What you need to do — Since the pictures are not wanted, retype the listing below exactly and without them.

Information provided —
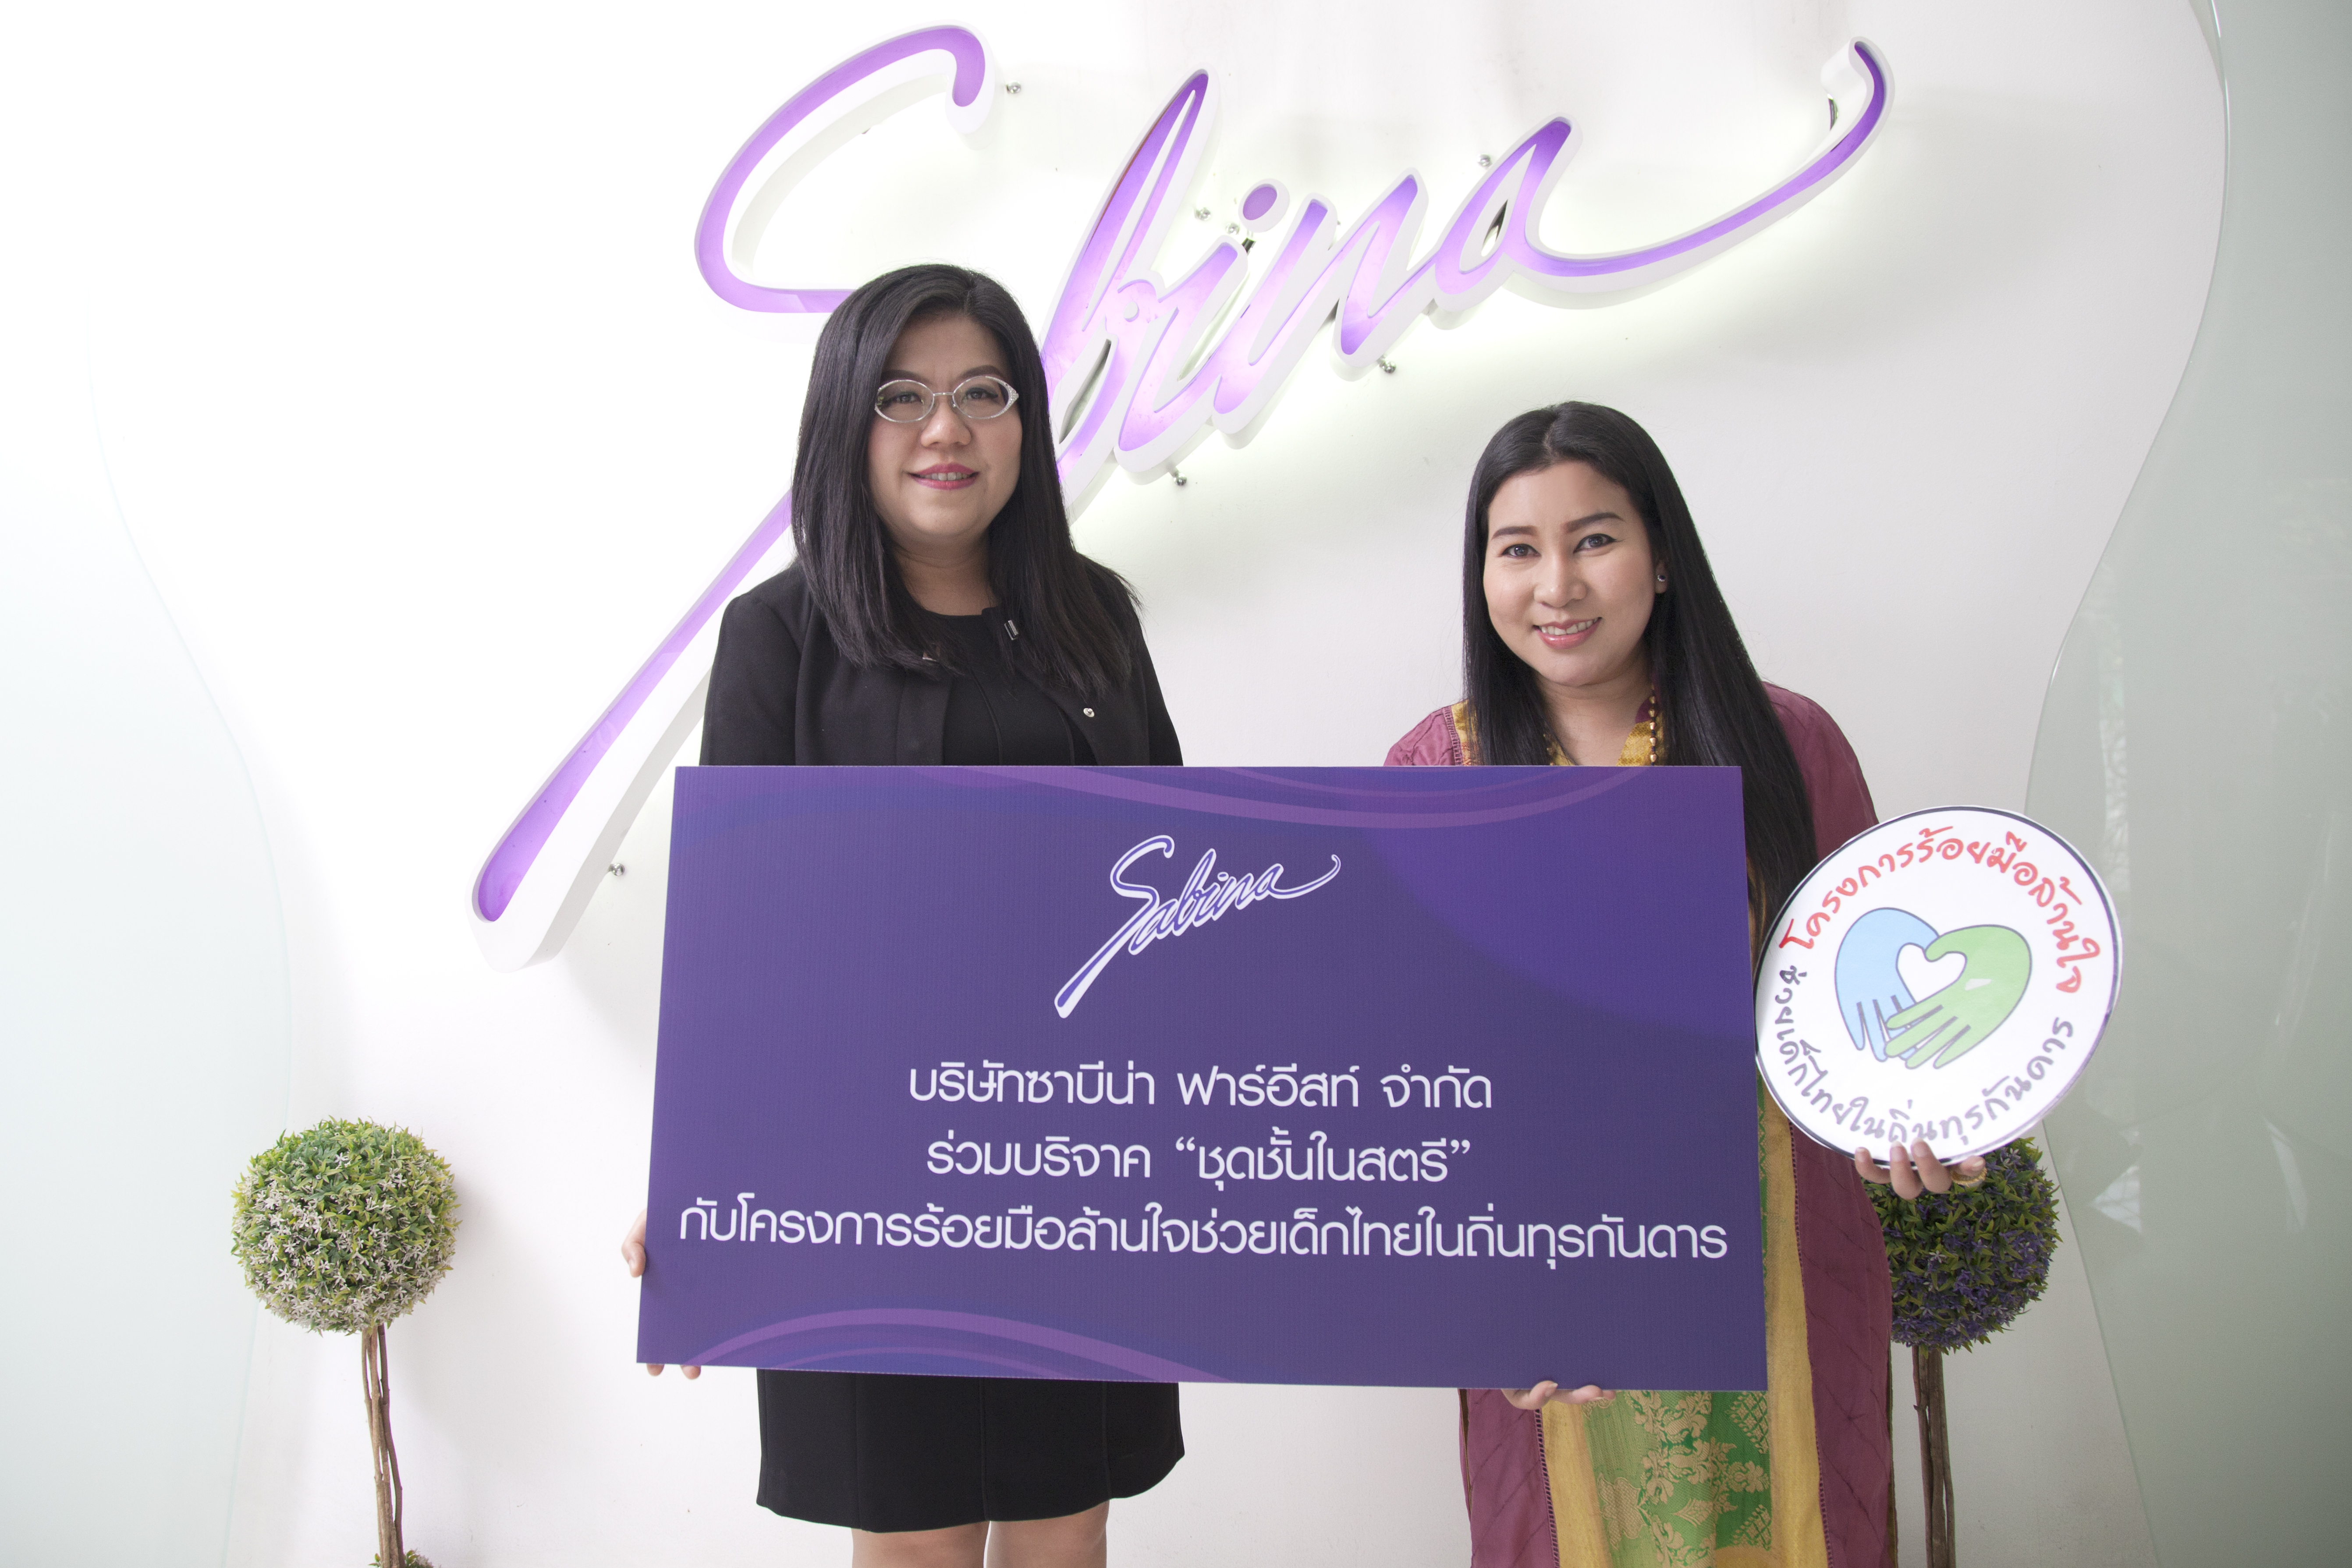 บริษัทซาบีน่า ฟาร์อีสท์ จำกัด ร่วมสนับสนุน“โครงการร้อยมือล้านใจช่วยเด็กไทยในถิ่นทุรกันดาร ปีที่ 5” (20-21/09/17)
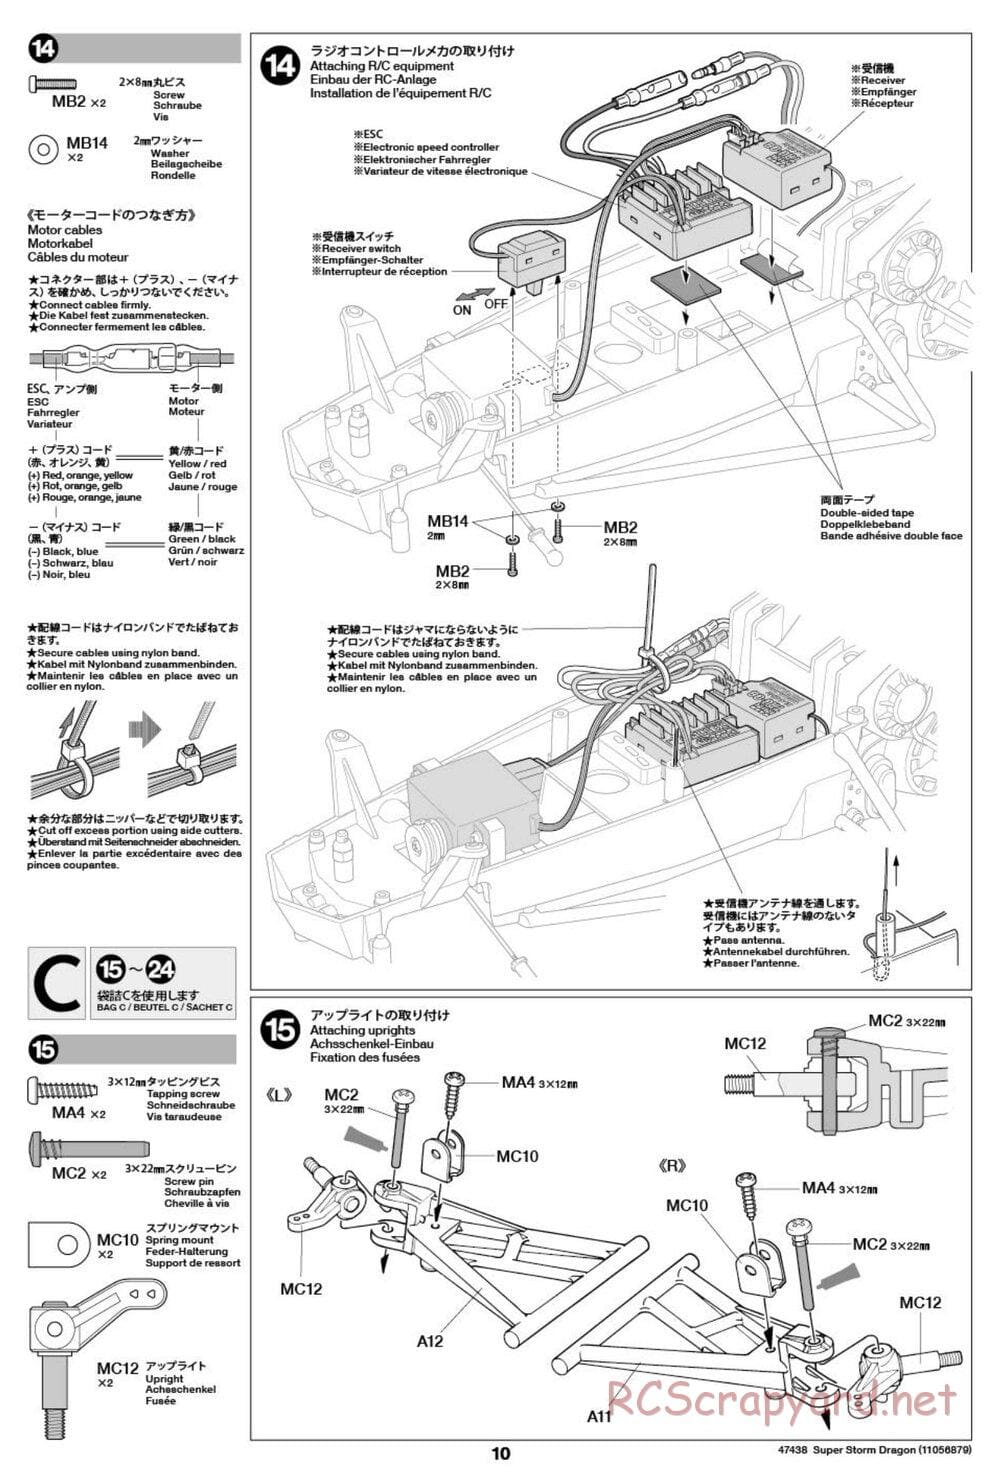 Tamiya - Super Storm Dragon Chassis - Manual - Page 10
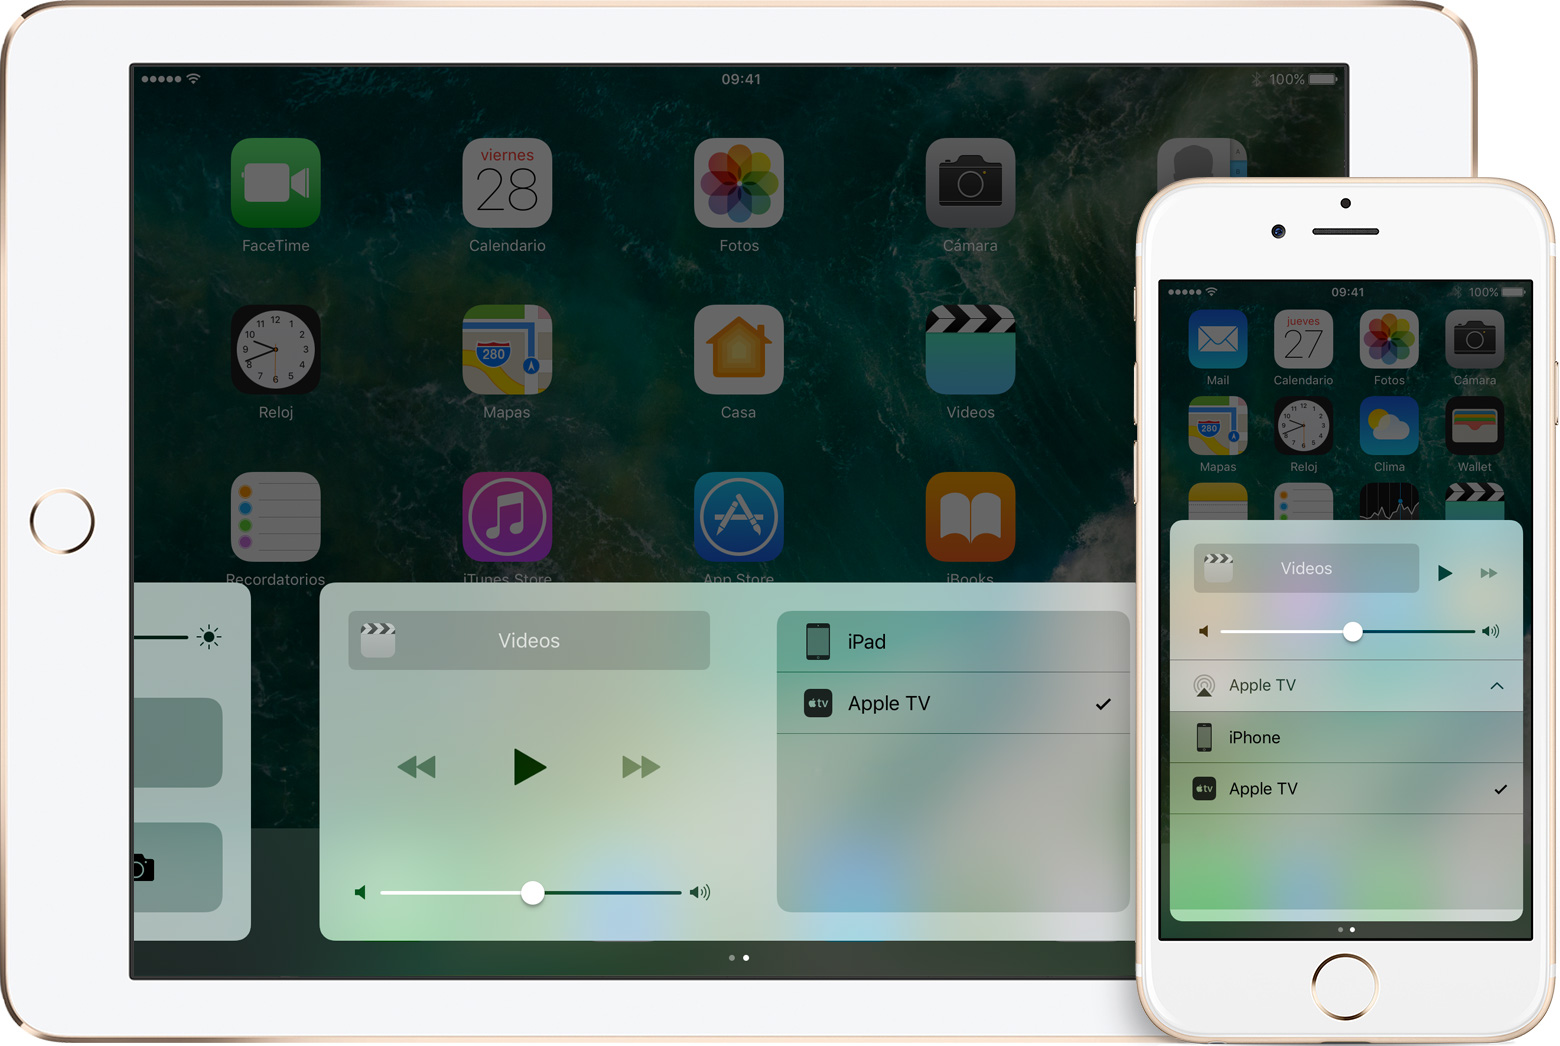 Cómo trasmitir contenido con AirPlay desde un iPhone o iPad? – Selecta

Output of the exercise —
 บริษัทซาบีน่า ฟาร์อีสท์ จำกัด ร่วมสนับสนุน“โครงการร้อยมือล้านใจช่วยเด็กไทยในถิ่นทุรกันดาร ปีที่ 5” (20-21/09/17)
 Tamiya - Super Storm Dragon Chassis - Manual - Page 10
 Cómo trasmitir contenido con AirPlay desde un iPhone o iPad? – Selecta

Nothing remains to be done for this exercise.